# combining science and spirituality



## widescreened (Jun 22, 2005)

there have been recorded instances in western society of institutions combining the two.alexandria in egypt specializing in cosmology thru numerology,and earlier societies shrouded in legend such as atlantis.

is there a movement back to this system in the modern era?could it be useful to mankind?there must be a point at which the periodic table outlives its usefulness the same way that stoneage mankind was at a loss without advancing itself.

my point is,given the shipwreck on a desert island scenario,with a given group of people,what could we discard from science as being useless and what could we bring back from the past to improve our world and ourselves?


----------



## falling_free (Nov 3, 2004)

Science without religion is lame. Religion without science is blind - albert einstein

I think the ideal is a combonation of sicence and sprituality but at a sensible level so that neither is extreme or overides the other ie complete athiest sketic scientists who complety deny the possibily of a god or a transendent spritual force and fudamenalist relgion that denies the proven discovies of science (dinosaurs, earth revolves around sun etc etc).

I think if you combine both anyaltical reailty based sciwnce with the transendtal, vison of spirtiality then the benefits for civilisation would be considrible, both sides should respect and work with each other rather than against and having all the same arguments thev'e had since the real beginning of scientific questioning of relegion.


----------



## Guest (Mar 1, 2006)

falling_free said:


> Science without religion is lame. Religion without science is blind - albert einstein
> 
> I think the ideal is a combonation of sicence and sprituality but at a sensible level so that neither is extreme or overides the other ie complete athiest sketic scientists who complety deny the possibily of a god or a transendent spritual force and fudamenalist relgion that denies the proven discovies of science (dinosaurs, earth revolves around sun etc etc).
> 
> I think if you combine both anyaltical reailty based sciwnce with the transendtal, vison of spirtiality then the benefits for civilisation would be considrible, both sides should respect and work with each other rather than against and having all the same arguments thev'e had since the real beginning of scientific questioning of relegion.

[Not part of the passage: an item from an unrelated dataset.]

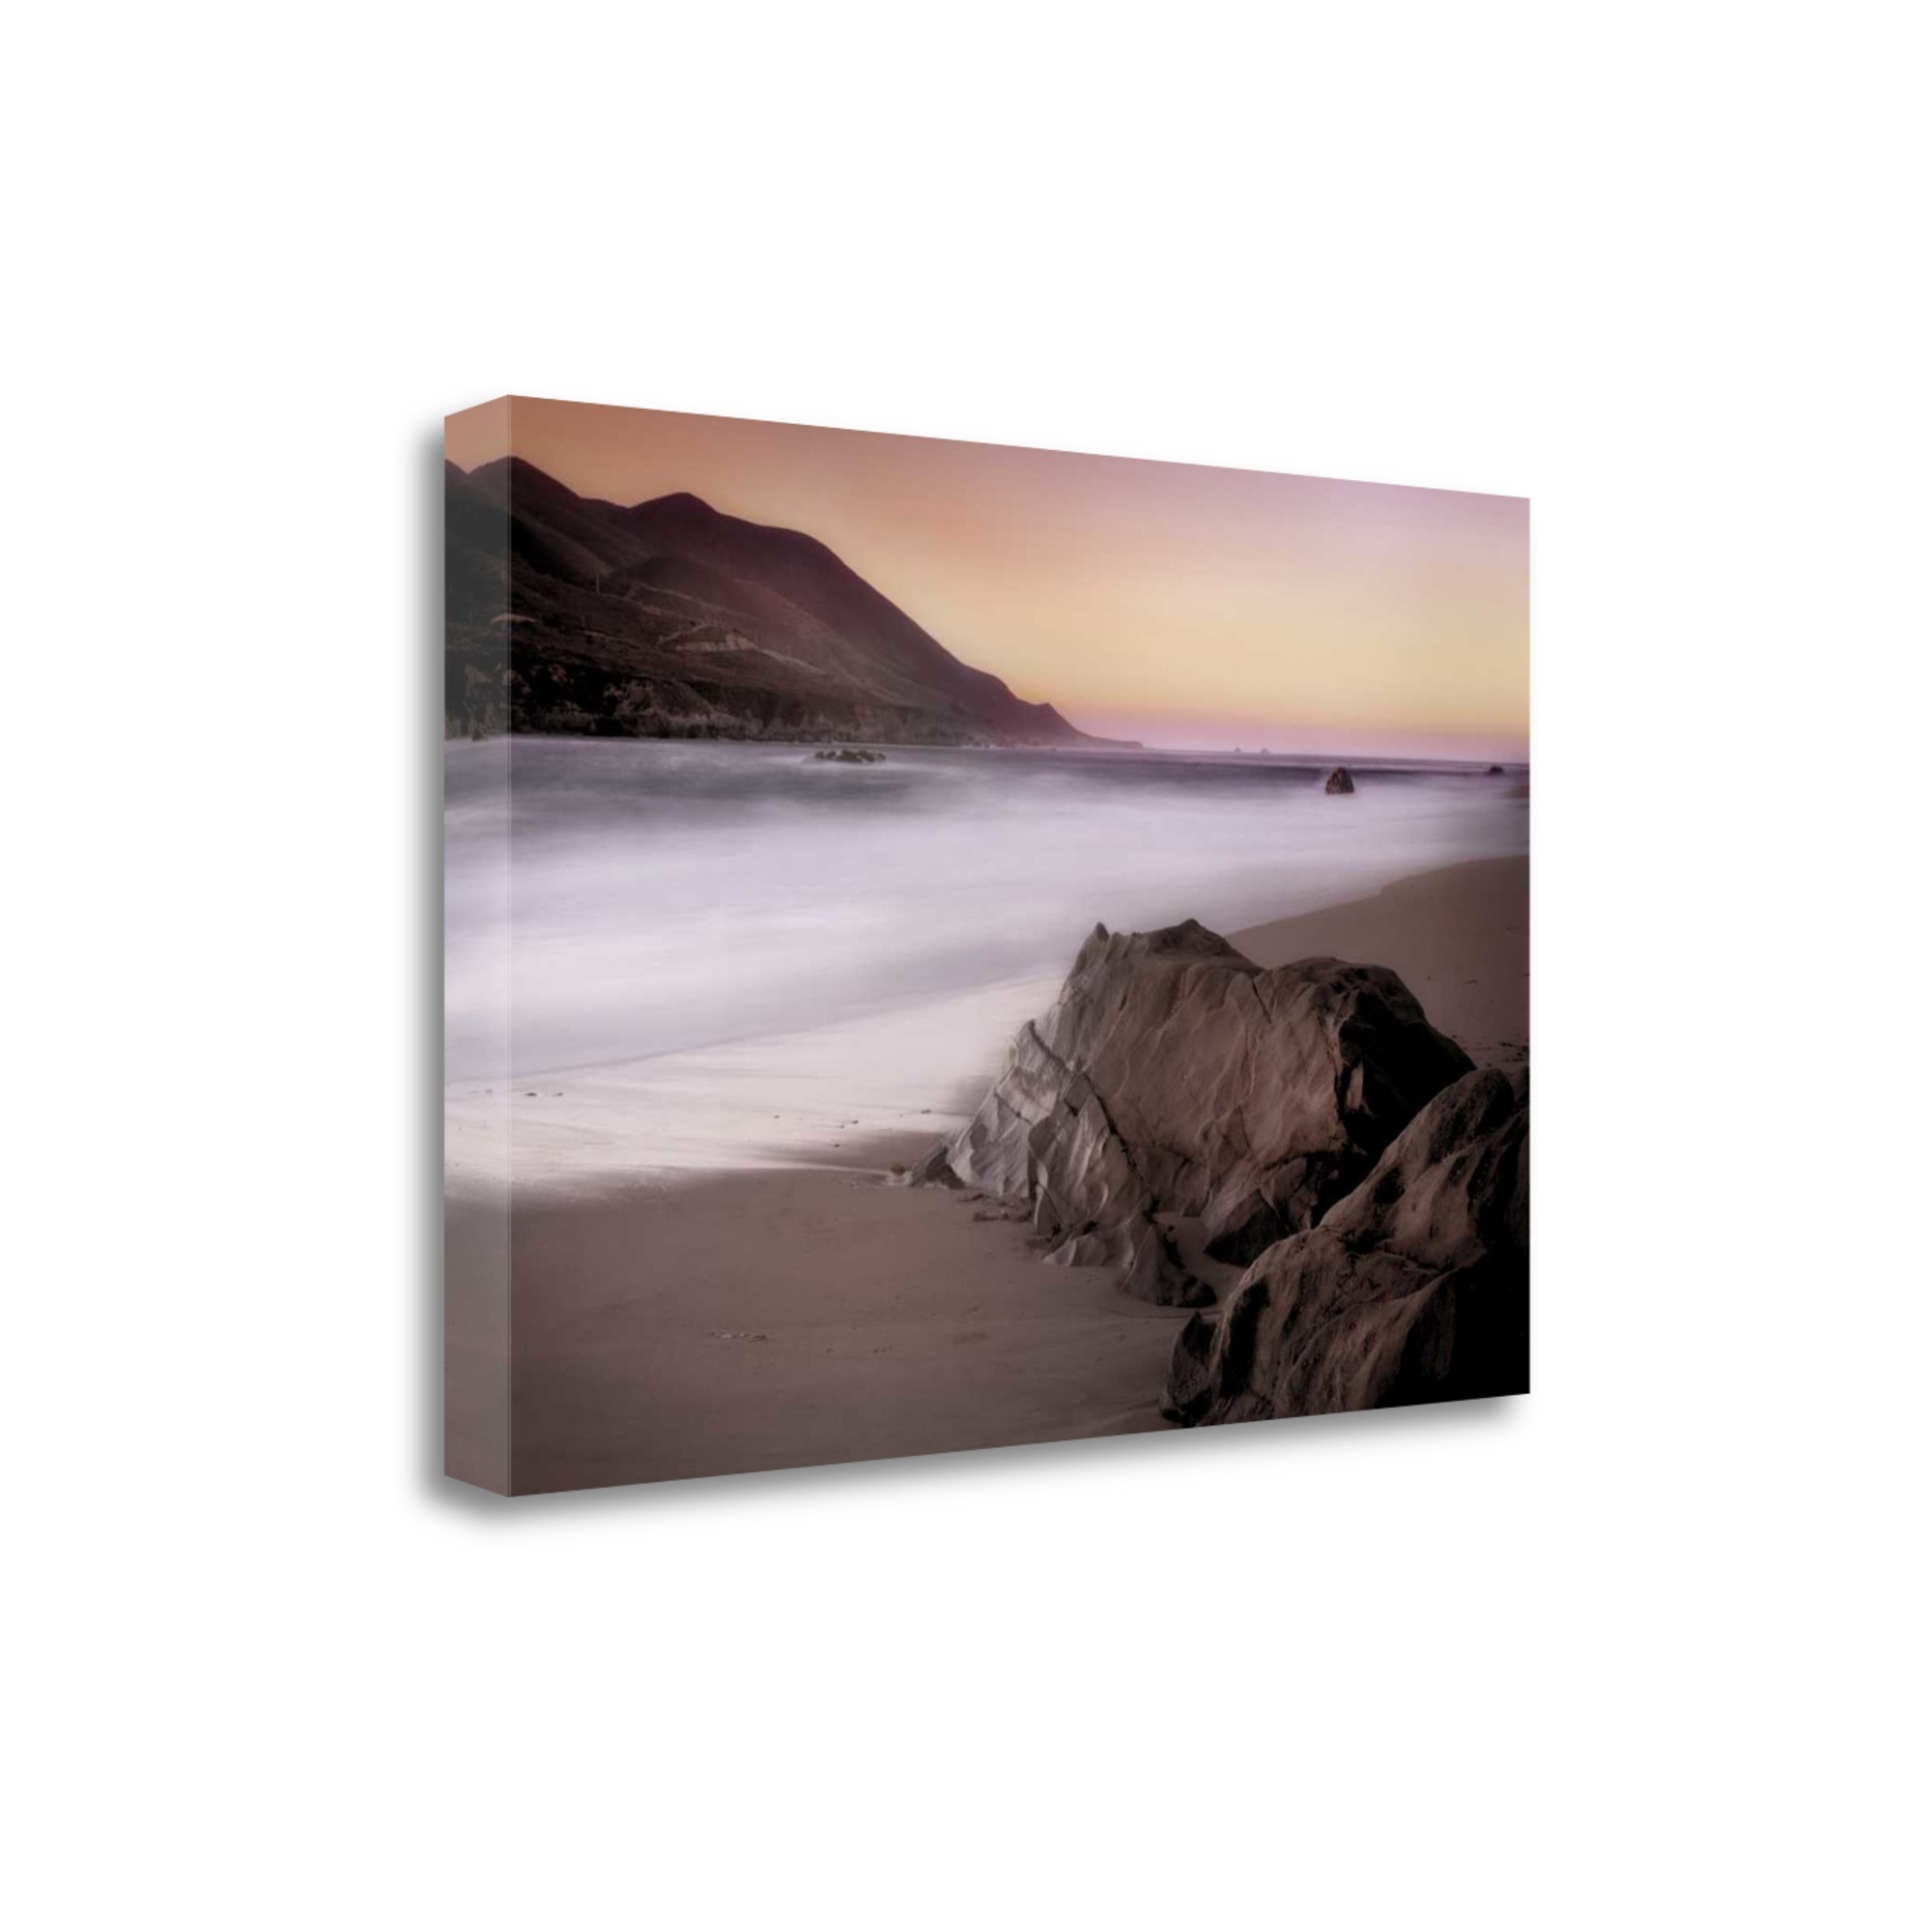 Sunset Over Mountains and Beach 5 Giclee Wrap Canvas Wall Art

I like the Einstein quote. :wink:

I think they're actually getting there, science and religion. And I think they're gonna get there whether they like it or not. :lol: Probably not in our lifetime. But I would prefer to call it science and spirituality...not religion. Religion, to me, is just a concept, a bucket of thought. 'Spirituality' covers a greater area of exploration.

As for 'God', that just might be another name for a 'unified field', but one that has an 'intelligence' within it. Not 'intelligence' as we view it with our limited little brains but something 'other.' If WE can ponder all this stuff and create stuff in a limited little body that we didn't create in and of ourselves, then 'something' has to be going on. It doesn't make sense otherwise.


----------



## CECIL (Oct 3, 2004)

An idea from a book I've been reading recently: Our current way of thinking is very Newtonian in nature. i.e. Very anchored in the 3 dimensional world that we can percieve. Very cause and effect orientated. However, Field Theory has already been developed in Physics, which gives us such technology as TV, radio and mobile phones. Basically the idea is that fields connect everything. Well, the idea can extend to our thinking as well - our bodies generate fields, our thoughts can be communicated telepathically if we allow ourselves to open up to this possibility and develop these psychic abilities.

A more recent development in physics is the Holographic Universe idea. That everything is connected and a part of everything else. Each individual part of the universe is a hologram of the whole. Within each person is a reflection of the entire universe and wherever you look you can find all other things.

Yes, I have high hopes for science and spirituality becoming integrated.


----------



## sleepingbeauty (Aug 18, 2004)

it is going to happen within our lifetime, because its already happening. i just hope there is enough time for the evolution of understanding to blossom. right now its just taking root.


----------



## Guest (Mar 2, 2006)

CECIL said:


> An idea from a book I've been reading recently: Our current way of thinking is very Newtonian in nature. i.e. Very anchored in the 3 dimensional world that we can percieve. Very cause and effect orientated. However, Field Theory has already been developed in Physics, which gives us such technology as TV, radio and mobile phones. Basically the idea is that fields connect everything. Well, the idea can extend to our thinking as well - our bodies generate fields, our thoughts can be communicated telepathically if we allow ourselves to open up to this possibility and develop these psychic abilities.
> 
> A more recent development in physics is the Holographic Universe idea. That everything is connected and a part of everything else. Each individual part of the universe is a hologram of the whole. Within each person is a reflection of the entire universe and wherever you look you can find all other things.
> 
> Yes, I have high hopes for science and spirituality becoming integrated.


I absolutely 'get' this and agree with you 100%. :wink:


----------



## Guest (Mar 2, 2006)

sleepingbeauty said:


> it is going to happen within our lifetime, because its already happening. i just hope there is enough time for the evolution of understanding to blossom. right now its just taking root.


It might happen in 'your' lifetime. :wink: As for myself, I'm not feeling too good these days. :lol: Age isn't always about years, it's also about 'mileage.' har

I hope you're right.


----------



## CECIL (Oct 3, 2004)

sleepingbeauty said:


> it is going to happen within our lifetime, because its already happening. i just hope there is enough time for the evolution of understanding to blossom. right now its just taking root.


Yes change is occuring and even more interesting is that the rate of change is increasing constantly 

See: Terrence McKenna's TimeWave Zero for crazy theories


----------